MindSpore Serving-based Inference Service Deployment

Linux Ascend Serving GPU Beginner Intermediate Expert

View Source On Gitee

Overview

MindSpore Serving is a lightweight and high-performance service module that helps MindSpore developers efficiently deploy online inference services in the production environment. After completing model training on MindSpore, you can export the MindSpore model and use MindSpore Serving to create an inference service for the model.
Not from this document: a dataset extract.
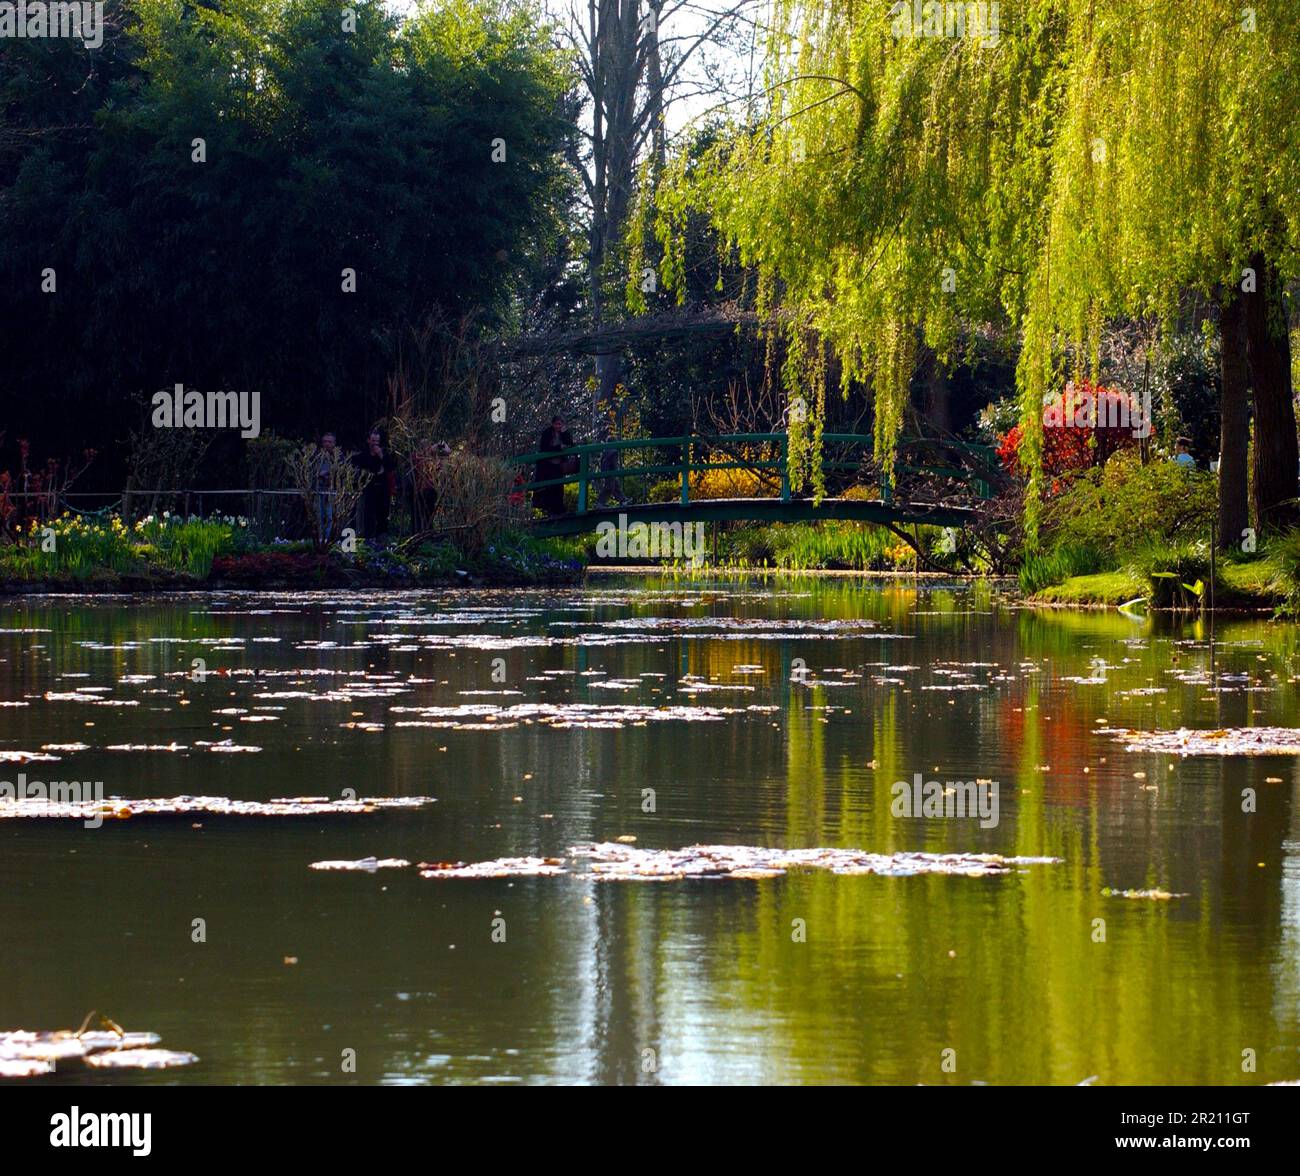 Photo prise au jardin de Monet à Giverny qui a inspiré la série de lilas d'eau et de ponts japonais de Claude Monet. Banque D'Images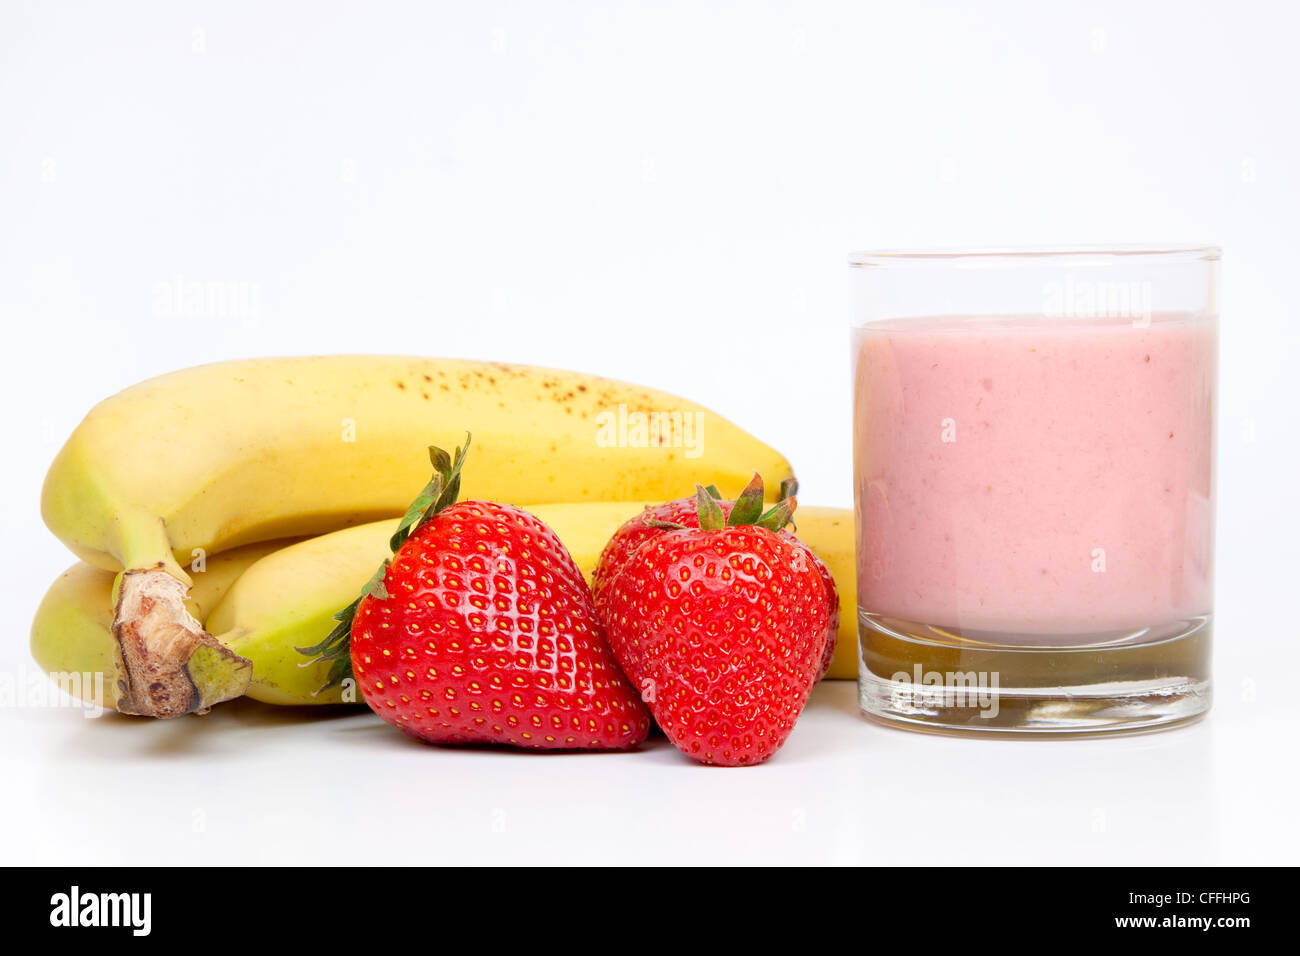 Gruppe von Bananen und Erdbeeren mit einem Kopfschütteln Erdbeeren und Milch auf einem weißen Hintergrund. Stockfoto

The following uses a simple Add network as an example to describe how to use MindSpore Serving.

Preparing the Environment

Before running the sample network, ensure that MindSpore Serving has been properly installed. To install MindSpore Serving on your PC, go to the MindSpore Serving installation page and configure environment variables on the MindSpore Serving environment configuration page.

Exporting the Model

Use add_model.py to build a network with only the Add operator and export the MindSpore inference deployment model.

import os
from shutil import copyfile
import numpy as np

import mindspore.context as context
import mindspore.nn as nn
import mindspore.ops as ops
import mindspore as ms

context.set_context(mode=context.GRAPH_MODE, device_target="Ascend")


class Net(nn.Cell):
    """Define Net of add"""

    def __init__(self):
        super(Net, self).__init__()
        self.add = ops.Add()

    def construct(self, x_, y_):
        """construct add net"""
        return self.add(x_, y_)


def export_net():
    """Export add net of 2x2 + 2x2, and copy output model `tensor_add.mindir` to directory ../add/1"""
    x = np.ones([2, 2]).astype(np.float32)
    y = np.ones([2, 2]).astype(np.float32)
    add = Net()
    output = add(ms.Tensor(x), ms.Tensor(y))
    ms.export(add, ms.Tensor(x), ms.Tensor(y), file_name='tensor_add', file_format='MINDIR')
    dst_dir = '../add/1'
    try:
        os.mkdir(dst_dir)
    except OSError:
        pass

    dst_file = os.path.join(dst_dir, 'tensor_add.mindir')
    copyfile('tensor_add.mindir', dst_file)
    print("copy tensor_add.mindir to " + dst_dir + " success")

    print(x)
    print(y)
    print(output.asnumpy())


if __name__ == "__main__":
    export_net()

To use MindSpore for neural network definition, inherit mindspore.nn.Cell. (A Cell is a base class of all neural networks.) Define each layer of a neural network in the __init__ method in advance, and then define the construct method to complete the forward construction of the neural network. Use export of the mindspore module to export the model file. For more detailed examples, see Implementing an Image Classification Application.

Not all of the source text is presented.